Item
1.01 – Entry into a Material Definitive Agreement
Settlement
Agreement and Release
On November
8, 2018, a Settlement Agreement and Release (“Settlement Agreement”) was entered into by and between Medical Innovation
Holdings, Inc. f/k/a Medina International Holdings, Inc. (“Company”) and Madhava Rao Mankal, Daniel Medina and Harbor
Guard Boats, Inc. (“collectively the “Second Parties”). Certain administrative issues were not resolved until
on or about November 27, 2018.
The
Agreement provides that Second Parties shall repossess and retain the 30 Shares of Series A Preferred Stock which were the subject
of the April 29, 2016 Share Purchase Agreement which was alleged to be breached by the purchasers (collectively) due to their failure
to pay certain WGCH LLC bills which resulted in a judgment against the Second Parties and the Company. The Agreement further provides
for the issuance of 20 additional Series A Preferred Shares to the second parties, in consideration for the common shares which
were returned to treasury by the second parties, due to the inducements in the Share Purchase Agreement referenced above, which
inducements were never performed under the Share Purchase Agreement. Due to administrative delays,
the stock was not issued until December 21, 2018.
The
Settlement Agreement, when performed under the full terms and covenants thereof, compromises, settles and otherwise resolves all
claims, as to any unresolved issues between Second Parties and the Company and Medhold Joint Venture (and its principals) in their
undertakings in the Share Acquisition and Purchase Agreement dated April 29, 2016.
A copy
of the Settlement Agreement and Release is attached hereto as Exhibit 10.1.
Assumption
Agreement
Pursuant
to the Settlement Agreement and Release referenced in the paragraphs above, an Assumption Agreement (“Assumption Agreement’)
was entered into by and between Medical Innovation Holdings, Inc. (“MIHI”) and Daniel Medina, Harbor Guard Boats, Inc.

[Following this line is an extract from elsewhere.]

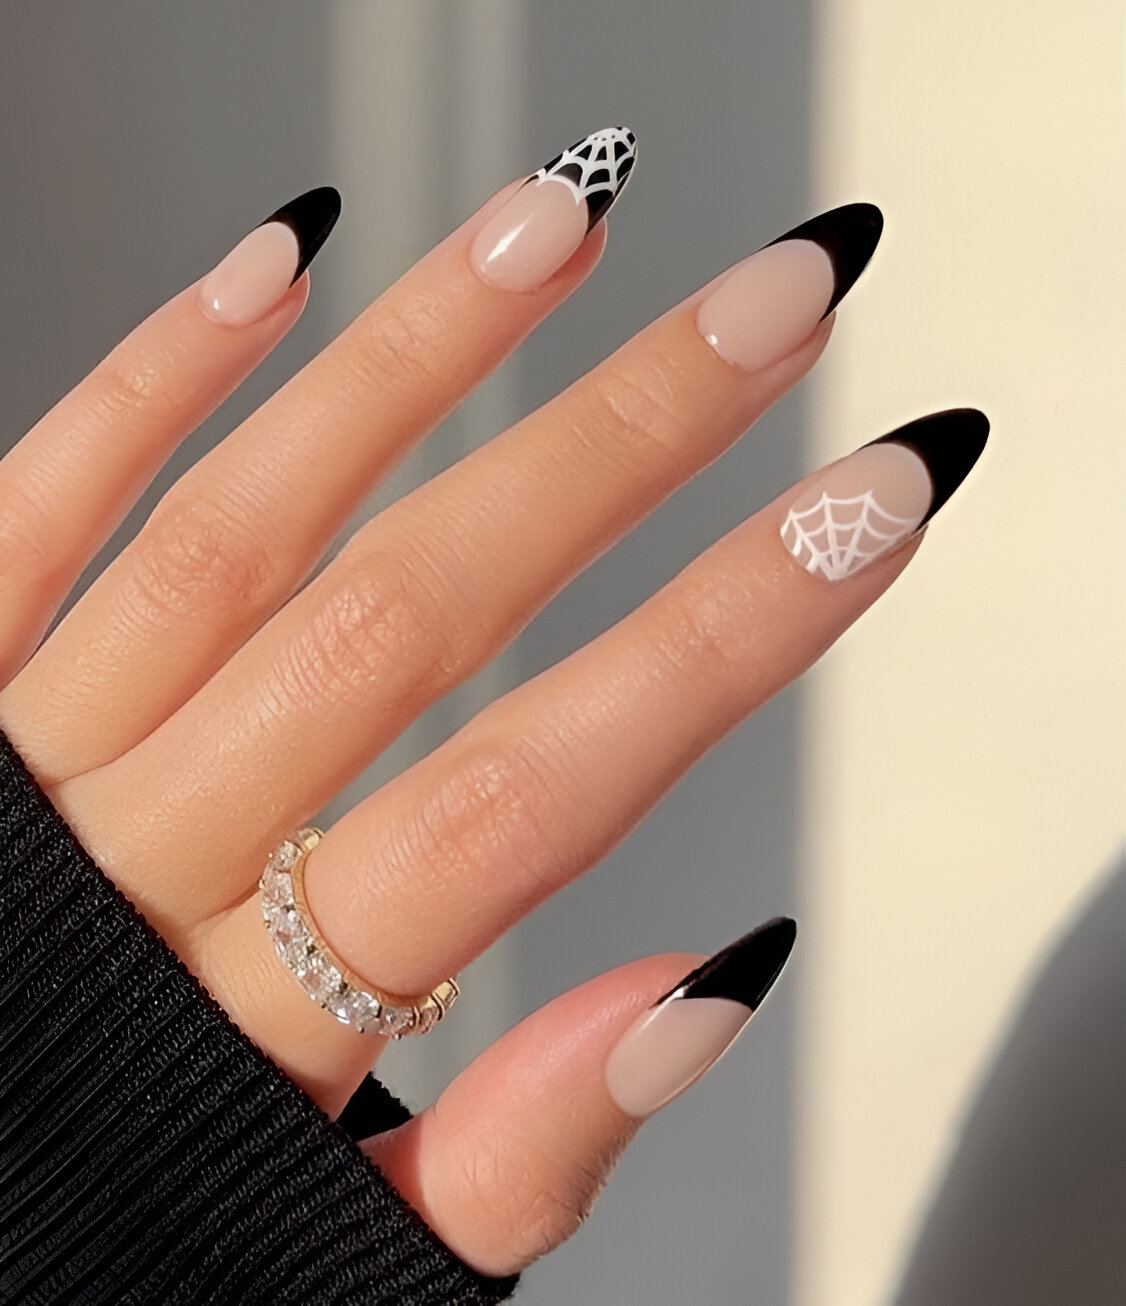 Simple French Tips With A Spooky Twist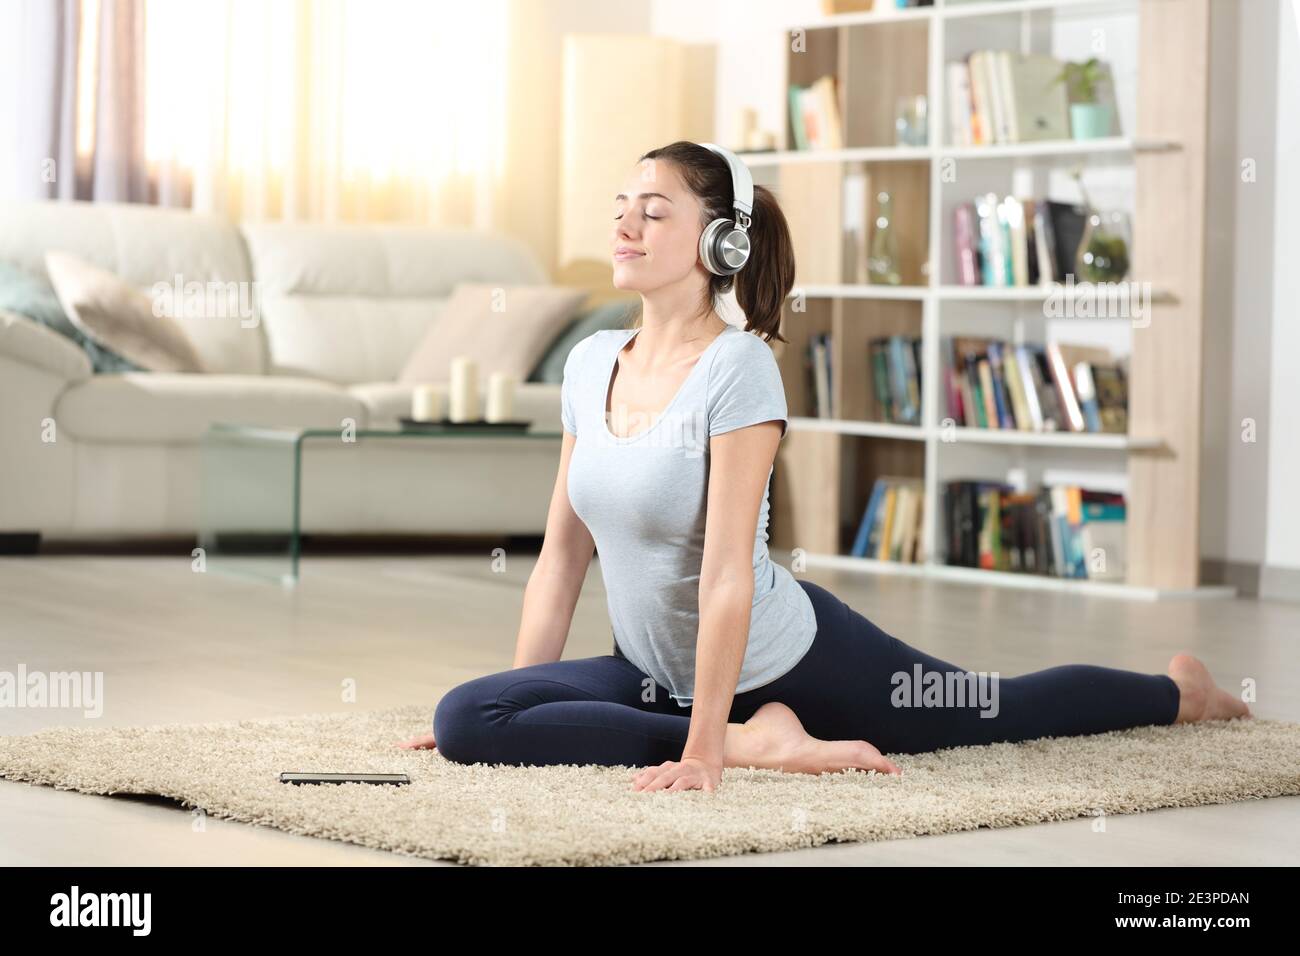 Concentrated woman doing yoga exercise listening audio tutorial with headphones at home Stock Photo

and Rao Mankal (“Second Parties”).
The
Assumption Agreement supplements the Settlement Agreement as to the claims and potential claims between the parties relating to
WGCH, LLC judgment debt arising from or relating to the Share Purchase Agreement dated April 29, 2016. In order to induce Second
Parties to accept the Settlement Agreement mentioned above, MIHI has agreed to indemnify Second Parties for 100% of the outstanding
judgment of WGCH, LLC against Second Parties, including legal fees and costs and Second Parties, as consideration, have been induced
to agree and have agreed to entered into a concurrent Settlement Agreement.
A copy
of the Assumption Agreement is attached hereto as Exhibit 10.2.
As a
result of the Settlement Agreement and Release discussed above, the Company agreed to enter into a Plan and Agreement for Reorganization
which will result in a change in the ownership structure to the Company whereby at least two new businesses will be brought into
the Company. The Company will contribute one business each to two new subsidiaries, which, as soon as possible, the Company shall
cause to be spun off, approved and implemented within 60 days, such spin off to be completed within 120 days from November 8, 2018
(unless extended automatically due to regulatory delays), in which the first spin off subsidiary (Sub “A”) shall assume
and agree to pay the convertible debt of Seshadri in the amount of approximately $100,000 with accrued interest. When the first
subsidiary, Sub A, is legally spun off with all regulatory approvals for trading, Second Parties agree that they shall transfer
the 50 shares of the Series A Preferred Stock of the Company to the Company by Stock Powers duly executed. The Plan and Agreement
for Reorganization has not been completed and is subject to negotiations at the date hereof
The
Company also agreed that under the Plan and Agreement for Reorganization referenced above, the Company shall cause to be spun off
a second subsidiary (Sub “B”) for the second business contributed by the Second Parties approved and implemented within
60 days, such spin off to be completed within 120 days from November 8, 2018
(unless
extended automatically due to regulatory delays), which subsidiary shall assume and agree to pay the debt to Syndicated Equity,
Inc. in the approximate amount of $325,000, and the unpaid accrued legal fees to date of approximately $82,000.